*** Available records Section Begins ***

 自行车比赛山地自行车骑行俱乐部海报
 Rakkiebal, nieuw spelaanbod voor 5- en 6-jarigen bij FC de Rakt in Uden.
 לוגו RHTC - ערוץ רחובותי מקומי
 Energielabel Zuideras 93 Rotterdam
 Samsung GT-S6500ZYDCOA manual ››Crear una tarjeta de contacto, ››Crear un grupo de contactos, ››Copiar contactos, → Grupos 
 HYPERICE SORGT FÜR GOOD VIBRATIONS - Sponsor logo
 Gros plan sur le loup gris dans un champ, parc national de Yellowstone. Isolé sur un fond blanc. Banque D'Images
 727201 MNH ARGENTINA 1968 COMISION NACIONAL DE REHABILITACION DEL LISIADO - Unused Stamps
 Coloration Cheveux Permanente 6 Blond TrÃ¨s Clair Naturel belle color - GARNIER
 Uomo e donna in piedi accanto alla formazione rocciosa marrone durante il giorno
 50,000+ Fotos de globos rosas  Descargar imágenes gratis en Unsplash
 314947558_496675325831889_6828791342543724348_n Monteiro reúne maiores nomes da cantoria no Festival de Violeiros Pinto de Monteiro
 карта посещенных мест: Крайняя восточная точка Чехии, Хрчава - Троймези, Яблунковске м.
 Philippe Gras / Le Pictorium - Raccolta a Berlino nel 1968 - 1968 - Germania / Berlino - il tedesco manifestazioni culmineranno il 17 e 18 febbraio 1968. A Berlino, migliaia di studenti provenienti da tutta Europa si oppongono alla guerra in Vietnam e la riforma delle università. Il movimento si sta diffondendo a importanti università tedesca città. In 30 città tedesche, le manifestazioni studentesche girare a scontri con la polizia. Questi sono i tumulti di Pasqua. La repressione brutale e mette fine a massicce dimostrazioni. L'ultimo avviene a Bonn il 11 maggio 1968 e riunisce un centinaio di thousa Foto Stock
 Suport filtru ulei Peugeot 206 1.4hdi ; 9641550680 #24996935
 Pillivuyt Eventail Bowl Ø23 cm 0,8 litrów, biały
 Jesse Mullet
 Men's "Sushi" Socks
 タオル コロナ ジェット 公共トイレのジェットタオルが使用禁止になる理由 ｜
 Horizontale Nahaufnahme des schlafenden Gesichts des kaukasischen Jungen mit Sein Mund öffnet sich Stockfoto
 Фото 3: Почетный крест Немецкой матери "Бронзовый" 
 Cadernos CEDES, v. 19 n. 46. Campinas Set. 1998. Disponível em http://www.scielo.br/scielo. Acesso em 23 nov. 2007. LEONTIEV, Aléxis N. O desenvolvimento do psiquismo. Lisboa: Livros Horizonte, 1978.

*** Available records Section Ends ***

Give an exact copy of the lines above from the line with "Energielabel Zuideras 93 Rotterdam" up to and including the line with "Suport filtru ulei", and leave everything else out.

- _Written solution_:
 Energielabel Zuideras 93 Rotterdam
 Samsung GT-S6500ZYDCOA manual ››Crear una tarjeta de contacto, ››Crear un grupo de contactos, ››Copiar contactos, → Grupos 
 HYPERICE SORGT FÜR GOOD VIBRATIONS - Sponsor logo
 Gros plan sur le loup gris dans un champ, parc national de Yellowstone. Isolé sur un fond blanc. Banque D'Images
 727201 MNH ARGENTINA 1968 COMISION NACIONAL DE REHABILITACION DEL LISIADO - Unused Stamps
 Coloration Cheveux Permanente 6 Blond TrÃ¨s Clair Naturel belle color - GARNIER
 Uomo e donna in piedi accanto alla formazione rocciosa marrone durante il giorno
 50,000+ Fotos de globos rosas  Descargar imágenes gratis en Unsplash
 314947558_496675325831889_6828791342543724348_n Monteiro reúne maiores nomes da cantoria no Festival de Violeiros Pinto de Monteiro
 карта посещенных мест: Крайняя восточная точка Чехии, Хрчава - Троймези, Яблунковске м.
 Philippe Gras / Le Pictorium - Raccolta a Berlino nel 1968 - 1968 - Germania / Berlino - il tedesco manifestazioni culmineranno il 17 e 18 febbraio 1968. A Berlino, migliaia di studenti provenienti da tutta Europa si oppongono alla guerra in Vietnam e la riforma delle università. Il movimento si sta diffondendo a importanti università tedesca città. In 30 città tedesche, le manifestazioni studentesche girare a scontri con la polizia. Questi sono i tumulti di Pasqua. La repressione brutale e mette fine a massicce dimostrazioni. L'ultimo avviene a Bonn il 11 maggio 1968 e riunisce un centinaio di thousa Foto Stock
 Suport filtru ulei Peugeot 206 1.4hdi ; 9641550680 #24996935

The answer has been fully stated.